On Mon, 22 Jun 2020, 02:57 clime, <cl...@fedoraproject.org> wrote:

> On Fri, 19 Jun 2020 at 01:59, Josh Boyer <jwbo...@redhat.com> wrote:
> >
> > On Thu, Jun 18, 2020 at 5:51 PM clime <cl...@fedoraproject.org> wrote:
> > >
> > > On Thu, 18 Jun 2020 at 15:25, Josh Boyer <jwbo...@redhat.com> wrote:
> > > >
> > > > On Thu, Jun 18, 2020 at 9:05 AM Igor Raits
> > > > <ignatenkobr...@fedoraproject.org> wrote:
> > > > >
> > > > > -----BEGIN PGP SIGNED MESSAGE-----
> > > > > Hash: SHA512
> > > > >
> > > > > On Thu, 2020-06-18 at 08:44 -0400, Josh Boyer wrote:
> >
> > <snip>
> >
> > > > > > Hopefully that provides some context and helps FESCo and the
> wider
> > > > > > community understand where Red Hat is headed with modularity on
> the
> > > > > > Enterprise side.
> > > > >
> > > > > Sadly no. It helps to understand your plans, however it does not
> help
> > > > > to understand the reasons behind, whether you can't change UX in
> the
> > > > > RHEL 9, or you think that technology is good enough for your
> use-cases
> > > > > or any other reasons.
> > > >
> > > > The base requirement is that the UX remain largely the same.  As I
> > > > said, from a RHEL perspective, we need RHEL 8 and RHEL 9 to have
> > > > commonality so that our customers are not forced to learn something
> > > > entirely different to adopt RHEL 9.  Improvements in the underlying
> > > > functionality are of course welcome and planned, but we are not going
> > > > to do something like replace modules with a different artifact type,
> > >
> > > Hello Josh,
> > >
> > > you can change the artifact type while keeping interface the same and
> > > it would be a _HUGE_ win because it would make modularity finally
> > > understandable for mere humans and better maintainable.
> > >
> > > Namely, modules should become rpms and therefore obey standard rpm
> rules.
> >
> > I'm not sure I entirely understand what you mean, but it sounds like
> > you have some interesting ideas.
> >
> > I'm looking forward to seeing what you and the community can build
> > from them, and how they could be brought into RHEL 10+!  That kind of
> > collaboration is what makes Fedora great.
>
> I know this probably won't change anything because this was mentioned
> many times (by me at least) and nothing has changed but still...
>
> Currently, modules are essentially yum sub-repos, they are not really
> "modules", instead they are collections of rpms that reinvent rpm-like
> relations (obsoletes, requires, build-requires, etc.).
>
> There is no reason for this wheel-reintervention.
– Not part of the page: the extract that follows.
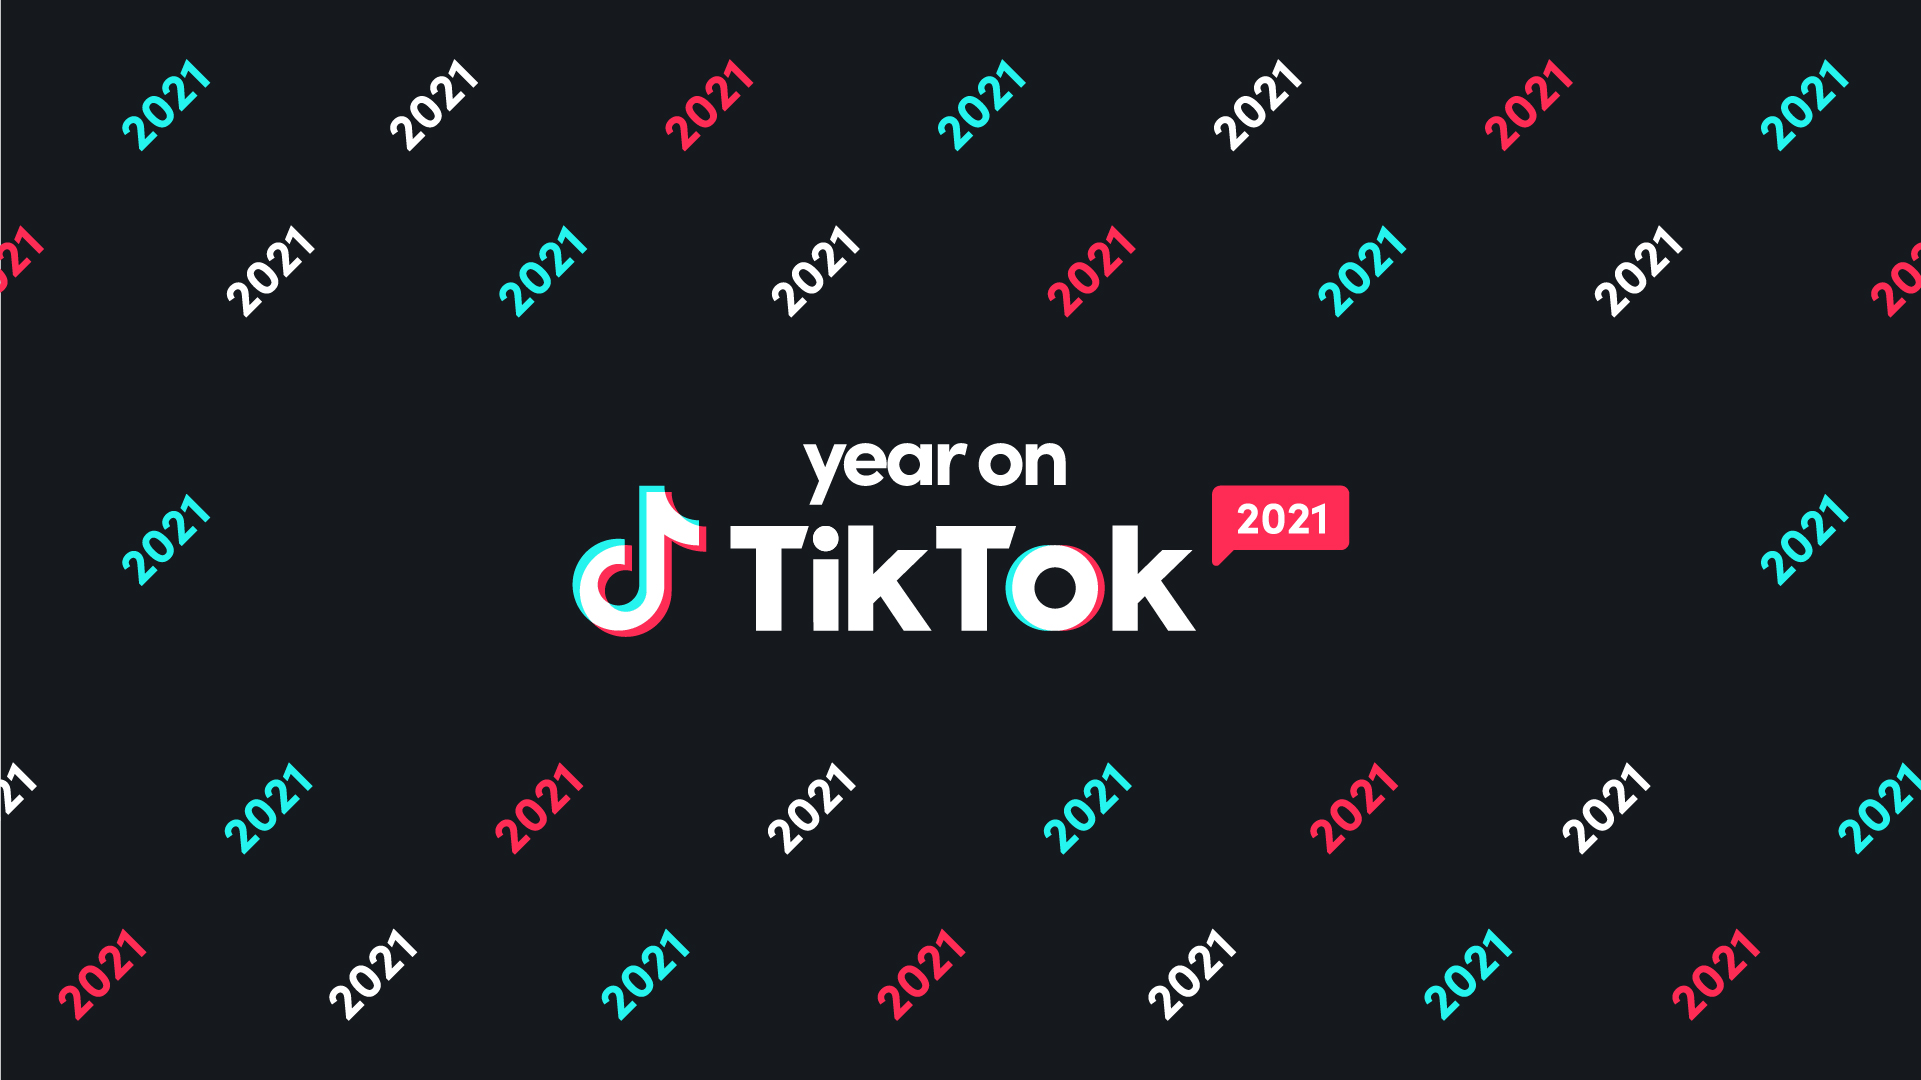 TikTok đã đưa chúng ta trải nghiệm đầy màu sắc và thú vị trong suốt một năm qua. Để tổng kết cho một năm đầy ấn tượng này, hãy đến xem \

Modules (the
> collections) can be simply squashed into an rpm by automation and this
> resulting rpm can go to the modular repo together with other modules.
>
> That way we don't have two types of objects we complex inter-relations
> but only one we well-known behavior.
>
> I wonder if this is clear to everyone but nobody really cares or
> doesn't really want to say it or I don't know.
>
> Is this clear to everyone? I mean either I am stating an obvious stuff
> that nobody really considers worth typing or idk.
>

How would this work when there are optional rpms in the module?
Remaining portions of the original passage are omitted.